FIG. 3 shows that ribosome-containing solution may enhance ATP production in human kidney fibroblasts.

FIG. 4 shows that ribosomes-containing solution isolated from kidney fibroblasts and cultured with human dermal fibroblasts may enable the latter cells to produce erythropoietin.

FIG. 5 is an illustration of one embodiment of a ribosome synthesizing a polypeptide through translating an mRNA.

FIG. 6 is an illustration of one embodiment of a ribosome synthesizing a polypeptide through receiving an electromagnetic signal.

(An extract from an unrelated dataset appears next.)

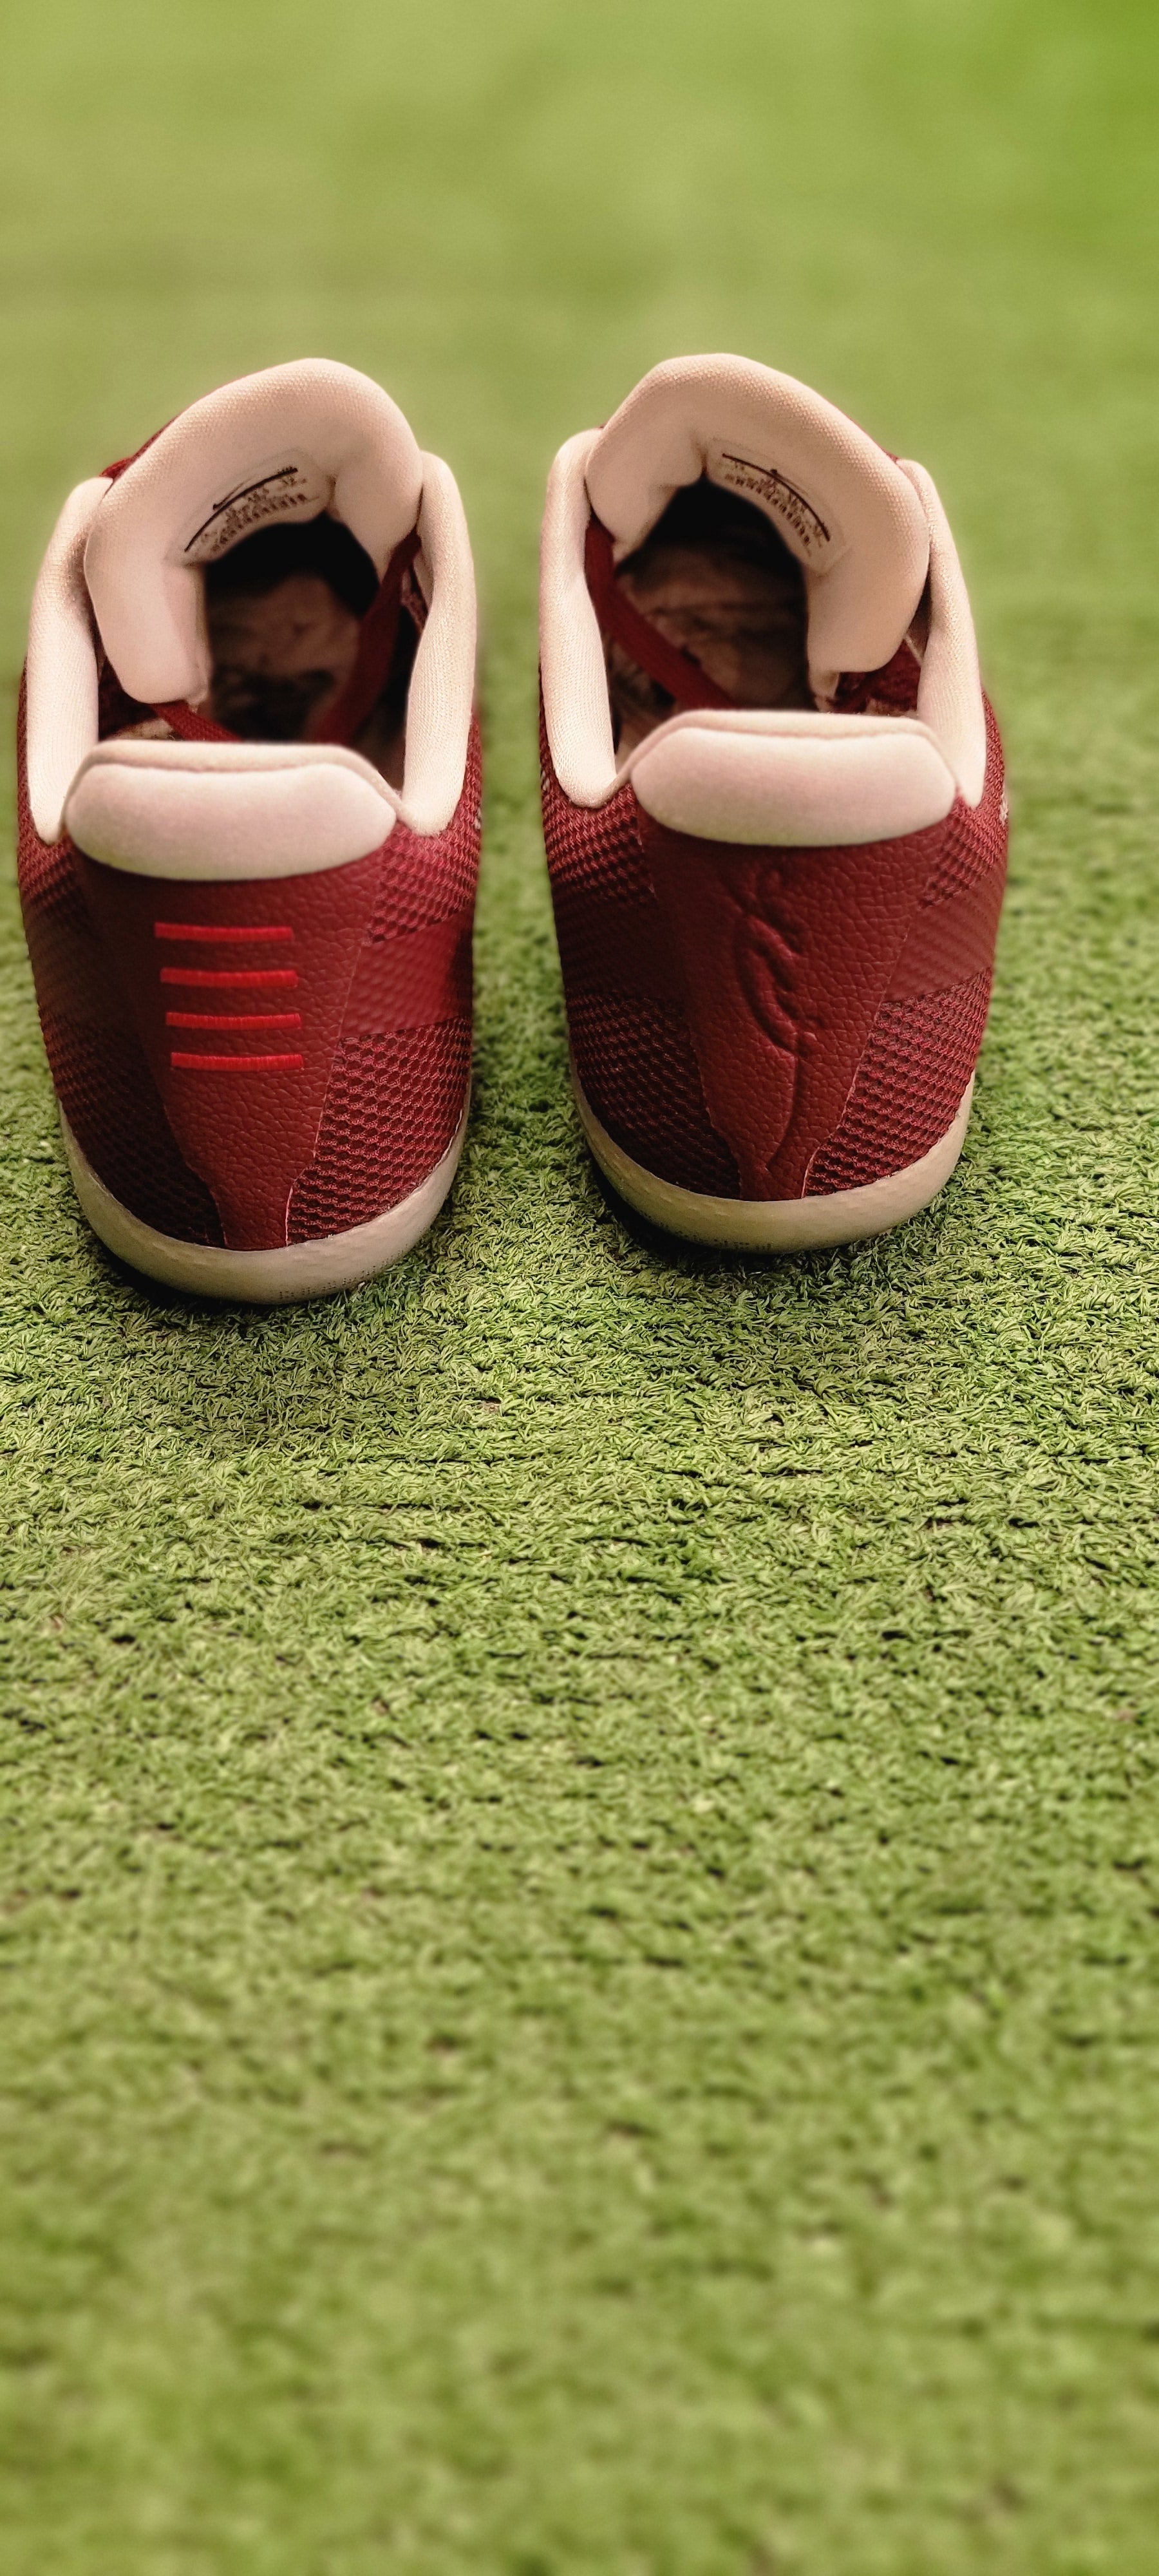 Nike Kobe 11 Low Team Red Sample Size 14 Men Shoes

FIG. 7 is an illustration of one embodiment of a ribosome being activated by an electromagnetic signal generating device.

DETAILED DESCRIPTION

In the following detailed description of various embodiments of the disclosure, numerous specific details are set forth in order to provide a thorough understanding of various aspects of one or more embodiments of the disclosure. However, one or more embodiments of the disclosure may be practiced without some or all of these specific details. In other instances, well-known methods, procedures, and/or components have not been described in detail so as not to unnecessarily obscure aspects of embodiments of the disclosure.

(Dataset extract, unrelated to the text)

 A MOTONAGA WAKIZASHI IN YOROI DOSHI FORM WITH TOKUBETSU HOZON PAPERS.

While multiple embodiments are disclosed, still other embodiments of the present disclosure will become apparent to those skilled in the art from the following detailed description, which shows and describes illustrative embodiments of the disclosure. As will be realized, the disclosure is capable of modifications in various obvious aspects, all without departing from the spirit and scope of the present disclosure. Accordingly, the figures, and the detailed descriptions thereof, are to be regarded as illustrative in nature and not restrictive. Also, the reference or non-reference to a particular embodiment of the disclosure shall not be interpreted to limit the scope of the disclosure.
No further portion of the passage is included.